De Kamer acht de hiervoor genoemde nalatigheid van de kandidaat-notaris dusdanig tuchtrechtelijk laakbaar dat zij de maatregel van waarschuwing op zijn plaats vindt.
DE BESLISSING
De Kamer van Toezicht over de notarissen en kandidaat-notarissen te Leeuwarden:
- verklaart de klacht gegrond voor zover deze betrekking heeft op het handelen van de kandidaat-notaris zoals besproken in overweging 6.6;
- legt aan de kandidaat-notaris de maatregel van waarschuwing op;
- verklaart de klacht ongegrond voor zover deze betrekking heeft op het weghalen van goederen uit de woning van klaagster gedurende de periode dat de kandidaat-notaris beschikte over de sleutel van de woning;
- verklaart de klacht voor het overige niet-ontvankelijk.
Deze beslissing is genomen te Leeuwarden door mr.
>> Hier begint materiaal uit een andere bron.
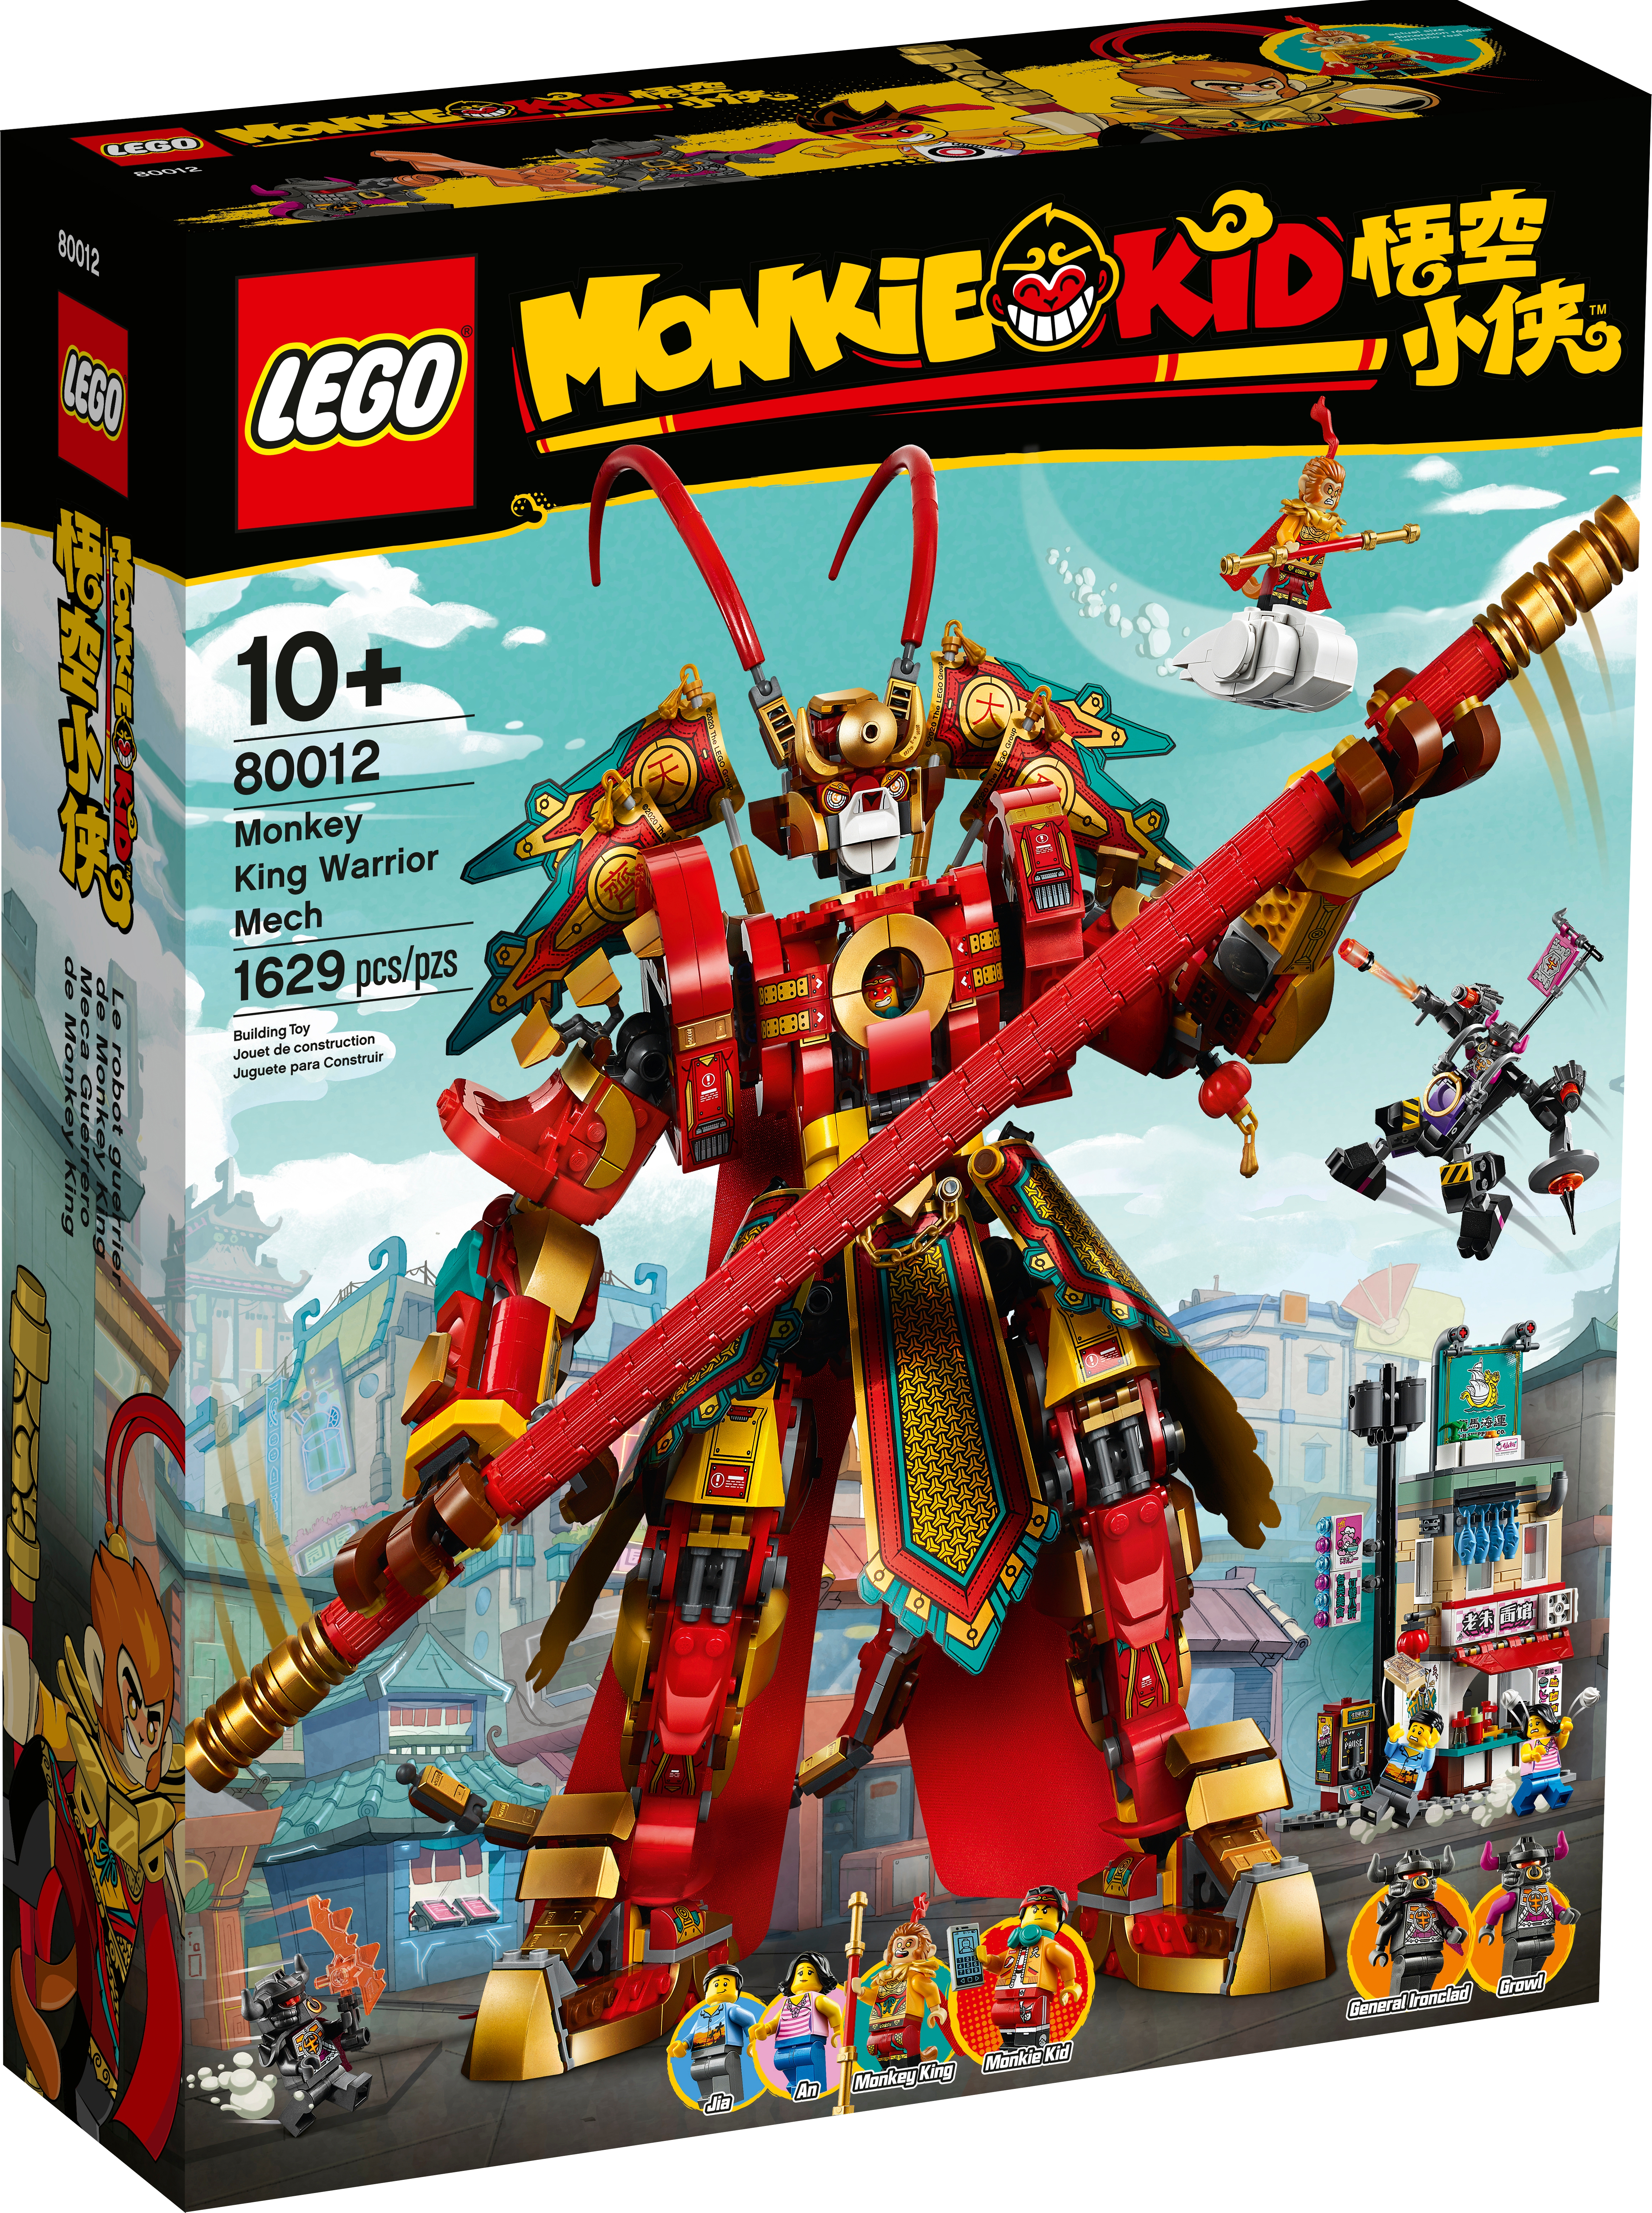 Exclusive! LEGO 80012 Monkie Kid Monkey King Warrior Mech Sealed New

J.S. van der Kolk, plaatsvervangend voorzitter, mrs. J.C.G. Leijten, A.W. Drijver, P. Nijenhuis en J.G de Beer, (plaatsvervangend) leden, bijgestaan door mr. S. Ambachtsheer, secretaris, en in het openbaar uitgesproken op 19 december 2012.
S. Ambachtsheer J.S. van der Kolk
De beslissing is verzonden op
Binnen dertig dagen na de dag van verzending van de aangetekende brief waarin van bovenstaande beslissing wordt kennisgegeven, kan hoger beroep tegen deze beslissing worden ingesteld. Dit dient te geschieden door middel van een verzoekschrift bij de griffie van het Gerechtshof te Amsterdam, Prinsengracht 436, correspondentieadres: Postbus 1312, 1000 BH Amsterdam.